A robust lightweight dependency injection library for TypeScript.

Readme

Async-Injection

CI npm version codecov License: MIT OSS Lifecycle

Lightweight TypeScript dependency injection — with first-class async support.

Most DI containers assume your dependencies are ready the moment they are constructed. async-injection doesn't.
Synchronous and asynchronous dependencies can coexist naturally in the same container, and the library resolves each correctly — whether you get them immediately or need to await them.

Install

npm install async-injection

Works in Node, browsers, Electron, and other runtimes.
Ships as both ESM and CJS side by side.

Quick start

@Injectable()
class SharedService {
    constructor(@Inject('LogLevel') @Optional('warn') private logLevel: string) { }
}

@Injectable()
class TransactionHandler {
    constructor(svc: SharedService) { }
}

const container = new Container();
container.bindClass(SharedService).asSingleton();  // one shared instance
container.bindClass(TransactionHandler);           // new instance on each get
container.bindConstant('LogLevel', 'info');        // override defaulted 'warn' level

const tx = container.get(TransactionHandler);

Tip:
Real-world projects should follow best practices like separation of concerns, having a composition root, and should avoid anti-patterns like service locator.

Setup

Two tsconfig.json settings are required:

{
  "experimentalDecorators": true,
  "emitDecoratorMetadata": true
}

Reflection metadata is also required. Rather than mandate a specific library, you have the freedom to bring your own — choose whichever fits your project:

Import it once at your entry point, before anything else:

import 'reflect-metadata';

Async dependencies

Synchronous injection is straightforward and well understood.
Asynchronous injection is also well established.
But when you are blending the two in the same container, it requires a little care.

get vs resolve

Think of get(X) / resolve(X) as a request not just for X, but for the entire tree of objects X depends on.
get is only safe when every node in that tree is already settled.

| Condition | When to use | |---|---| | All dependencies are synchronous, or async singletons are already resolved | container.get(X) | | Any dependency in the tree may still be pending | await container.resolve(X) |

Tip:
Call resolveSingletons(true) after your last bindXXX call and before any get call to avoid hard-to-debug timing issues.

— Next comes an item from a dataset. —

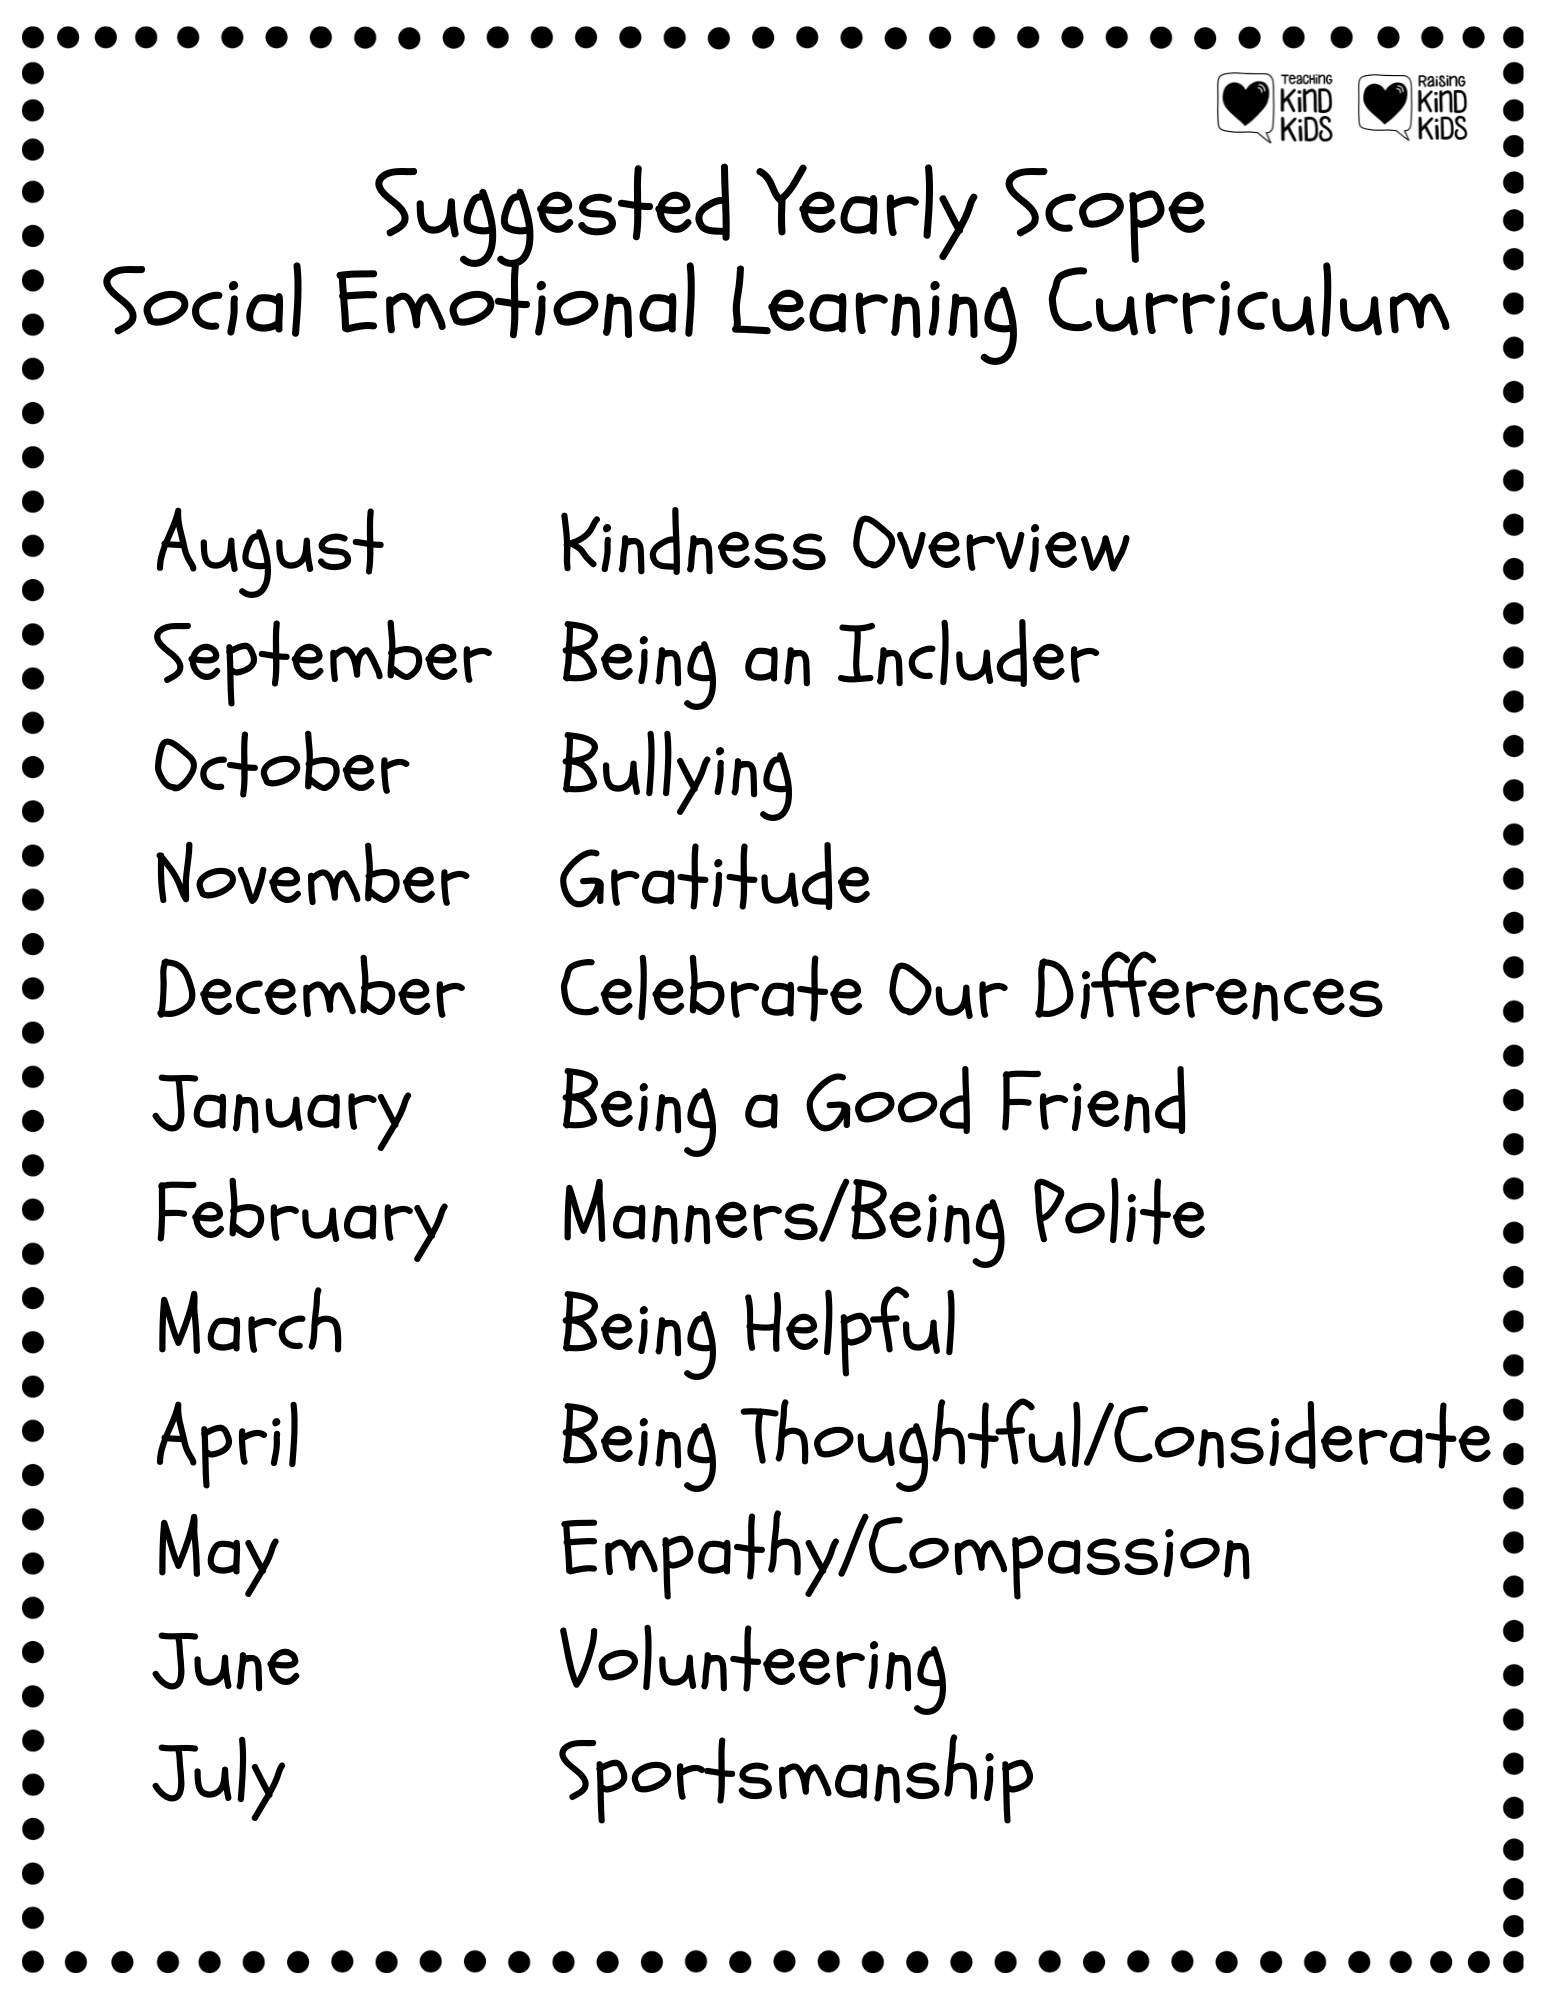 Use this social emotional learning curriculum to teach sel and kindness concepts to elementary school students.

When a dependency must do async work before it is usable — open a database connection, load remote config, etc. — there are two ways to handle it:

Async factory — bind an async factory that performs the initialization and returns the ready instance:

container.bindAsyncFactory(SharedService, async () => {
    const svc = new SharedService();
    return svc.connect();           // returns Promise<SharedService>
}).asSingleton();

// Option A — resolve everything up front, then use get() as normal
await container.resolveSingletons(true);
const tx = container.get(TransactionHandler);

// Option B — resolve on demand
const tx = await container.resolve(TransactionHandler);

Note:
A factory takes full responsibility for constructing and initializing its object — @PostConstruct is not called on factory-returned instances.
bindFactory and bindAsyncFactory are therefore the right choice when you need complete control over how an object is built, or when you cannot annotate the class.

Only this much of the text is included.